- What the exercise asks
Type out the listing below exactly. Pictures stay out of it.

- Provided data
= = = = = = =
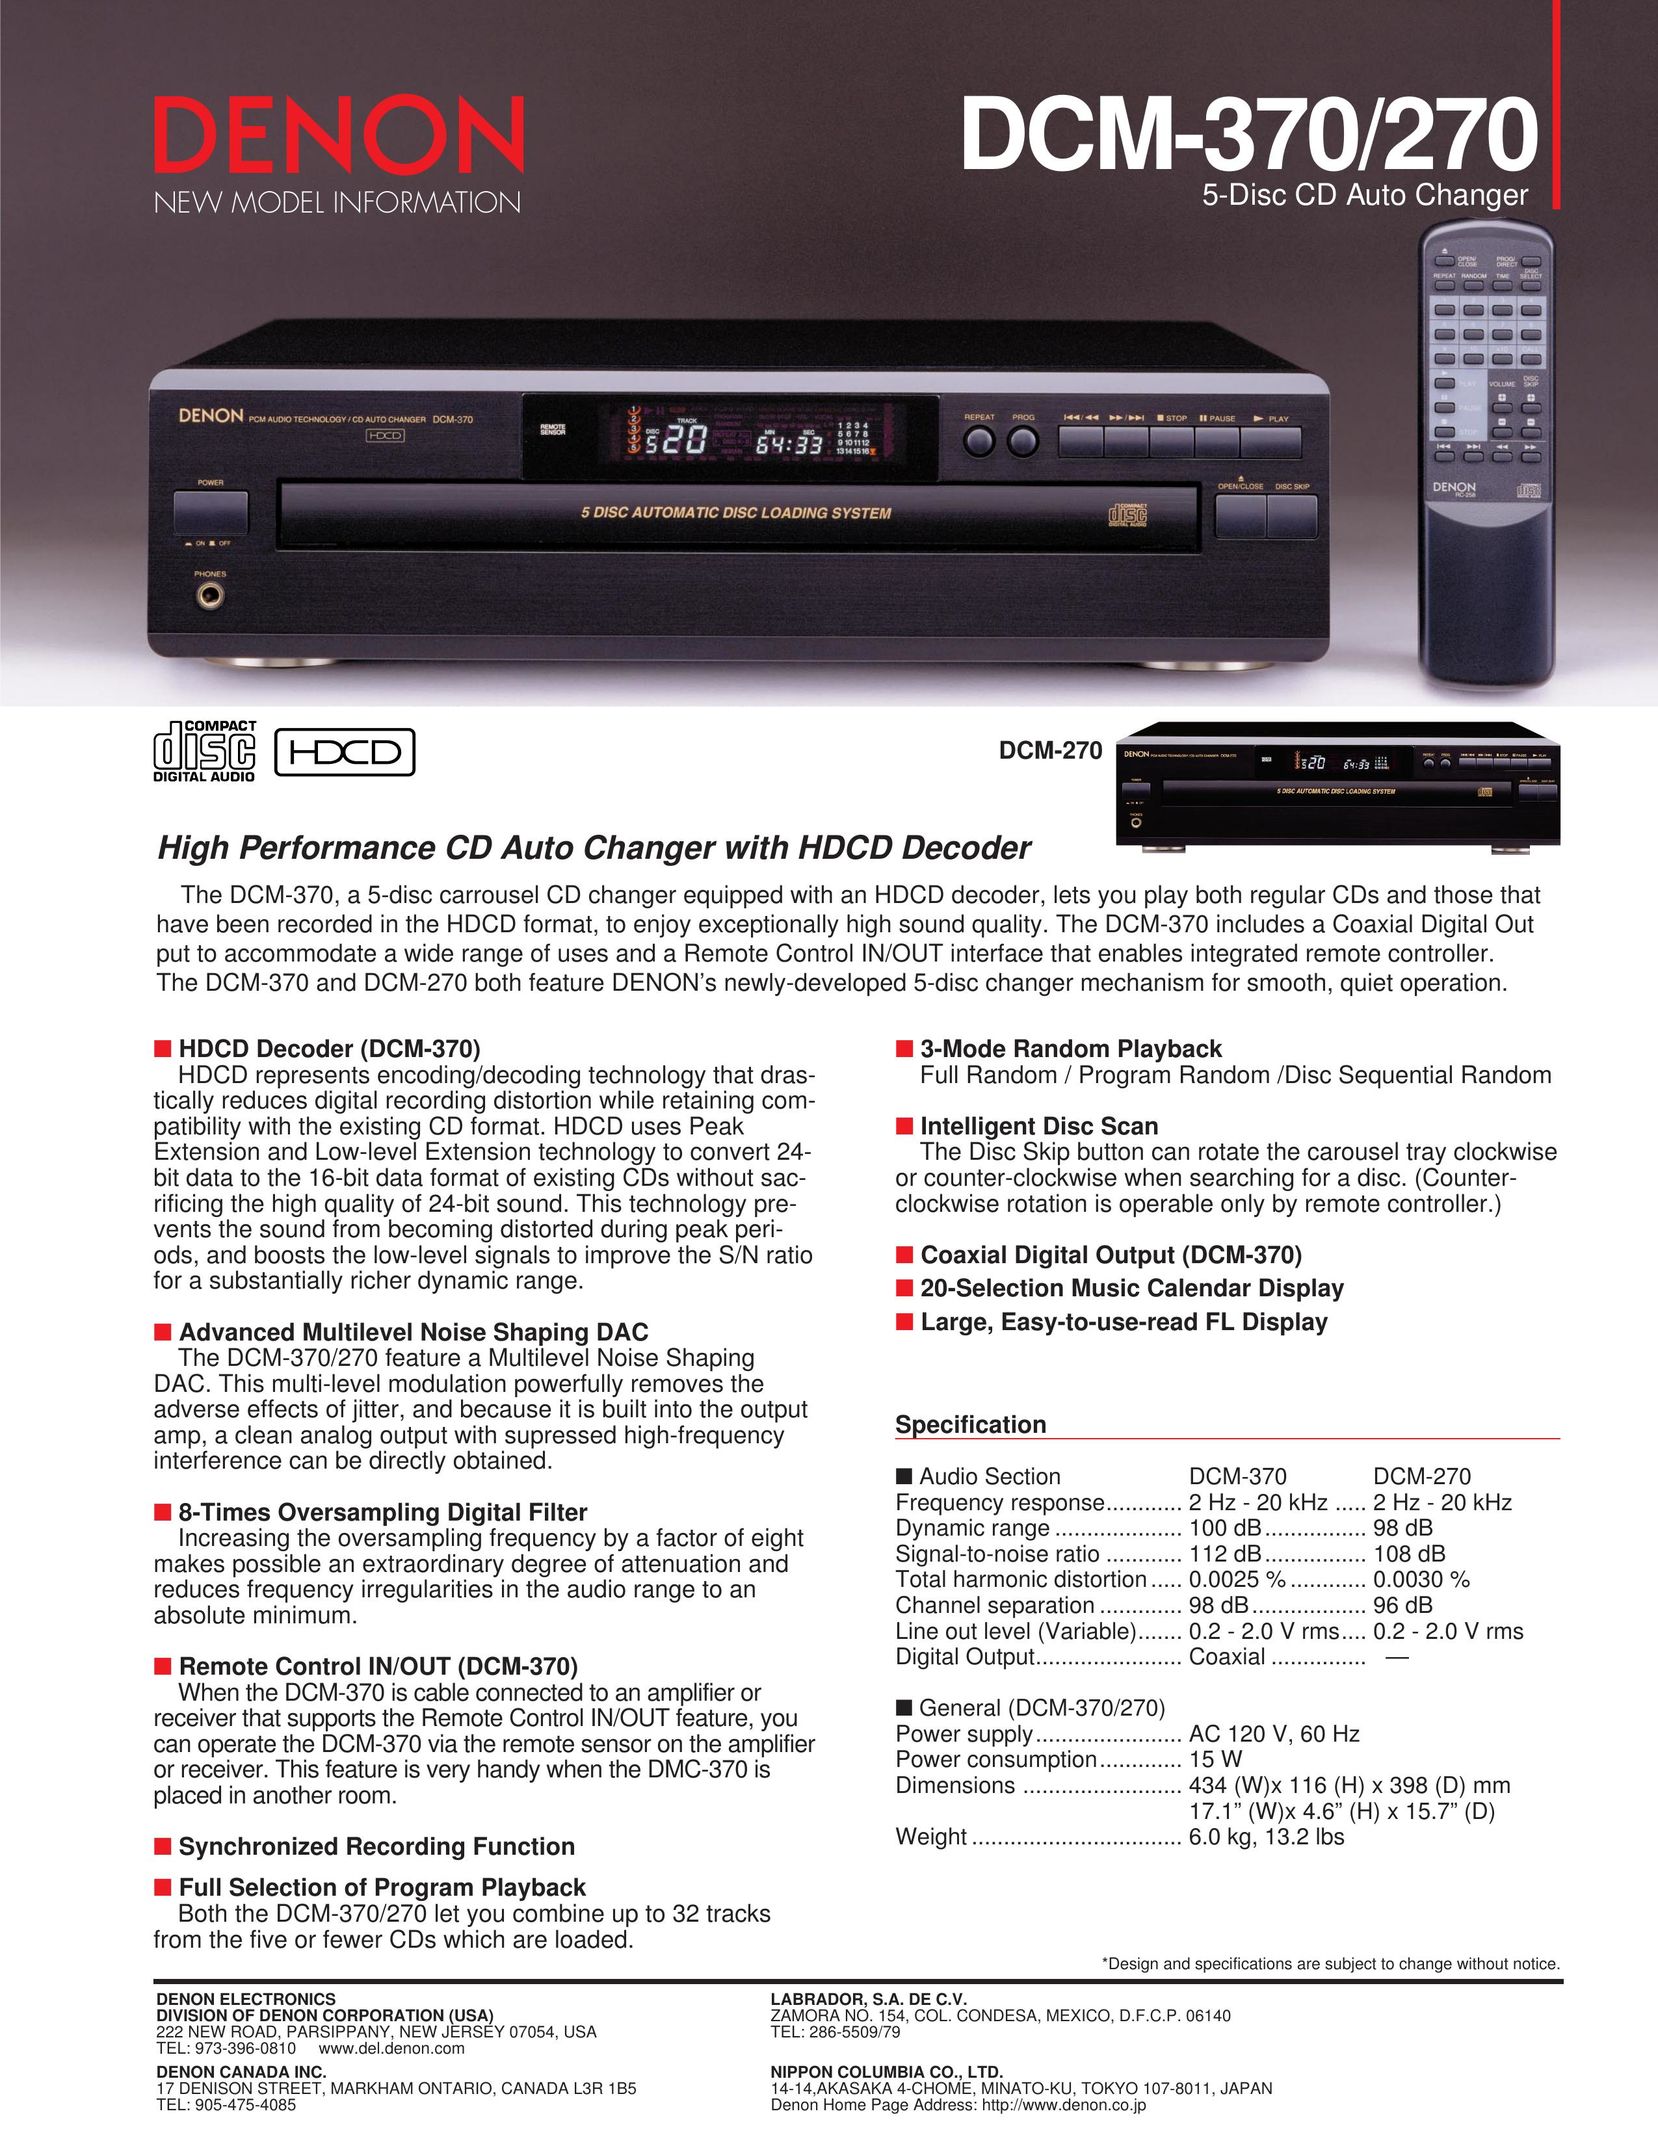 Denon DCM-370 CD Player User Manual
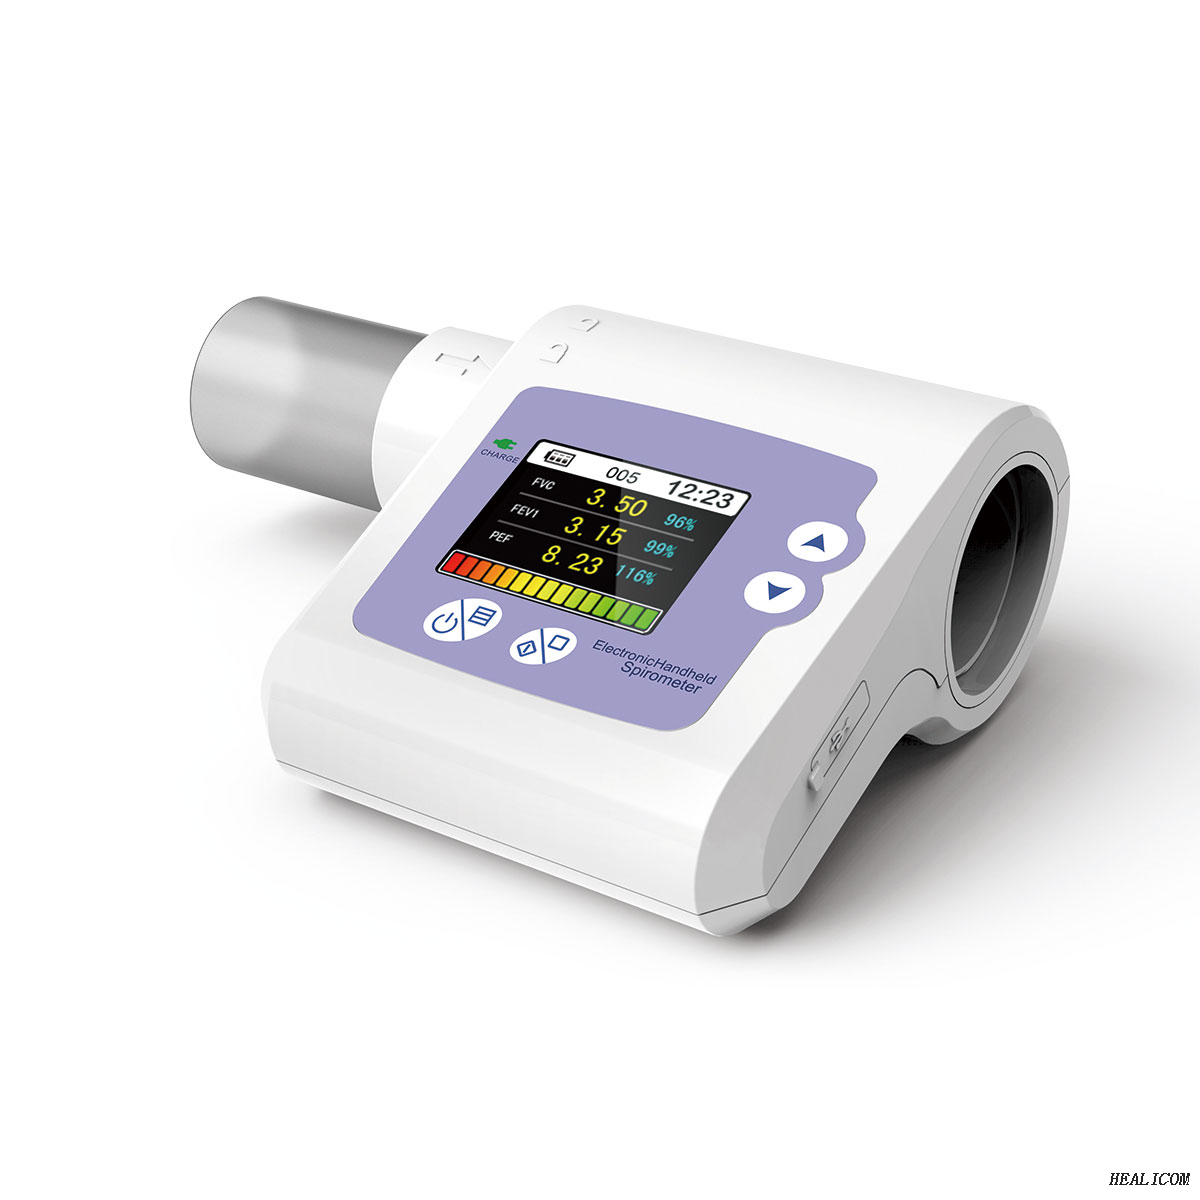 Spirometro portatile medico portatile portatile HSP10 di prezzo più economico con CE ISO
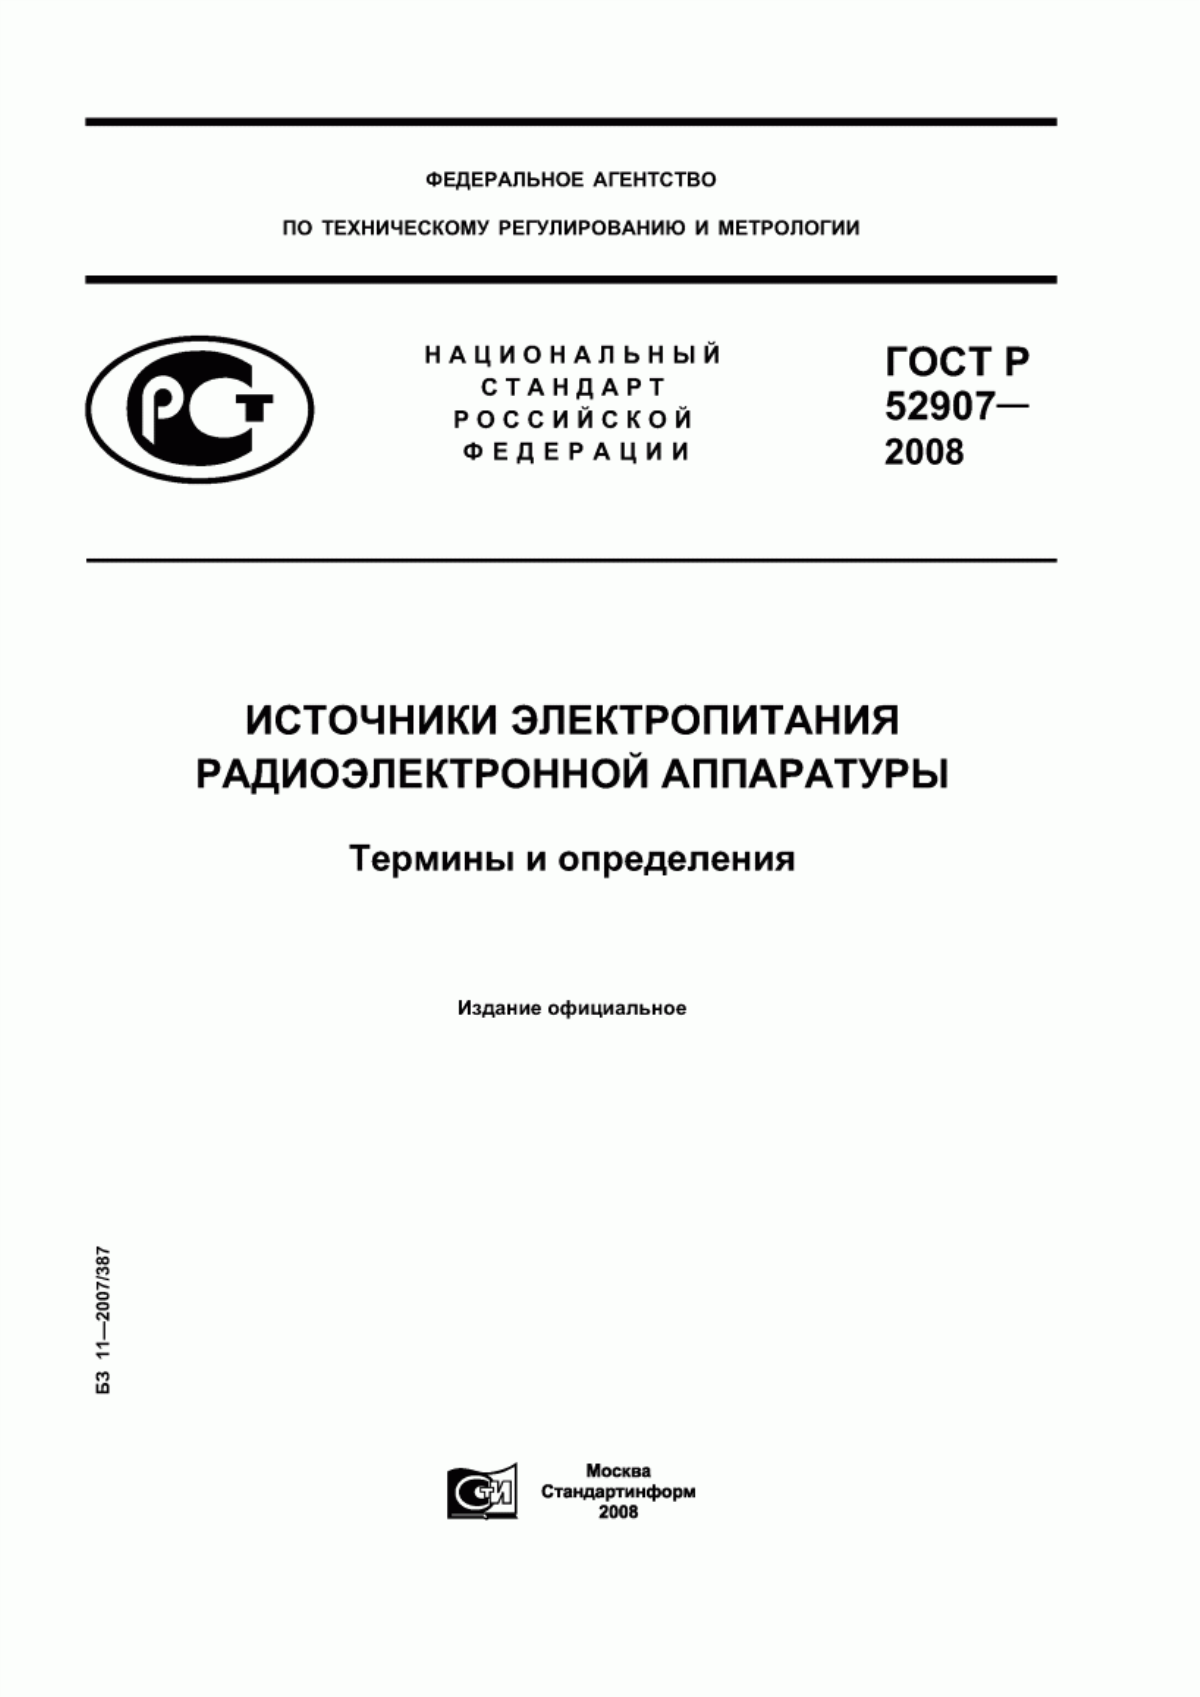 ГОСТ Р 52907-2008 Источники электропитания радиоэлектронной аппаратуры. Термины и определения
= = = = = = =
- Written solution
 Denon DCM-370 CD Player User Manual
 Spirometro portatile medico portatile portatile HSP10 di prezzo più economico con CE ISO
 ГОСТ Р 52907-2008 Источники электропитания радиоэлектронной аппаратуры. Термины и определения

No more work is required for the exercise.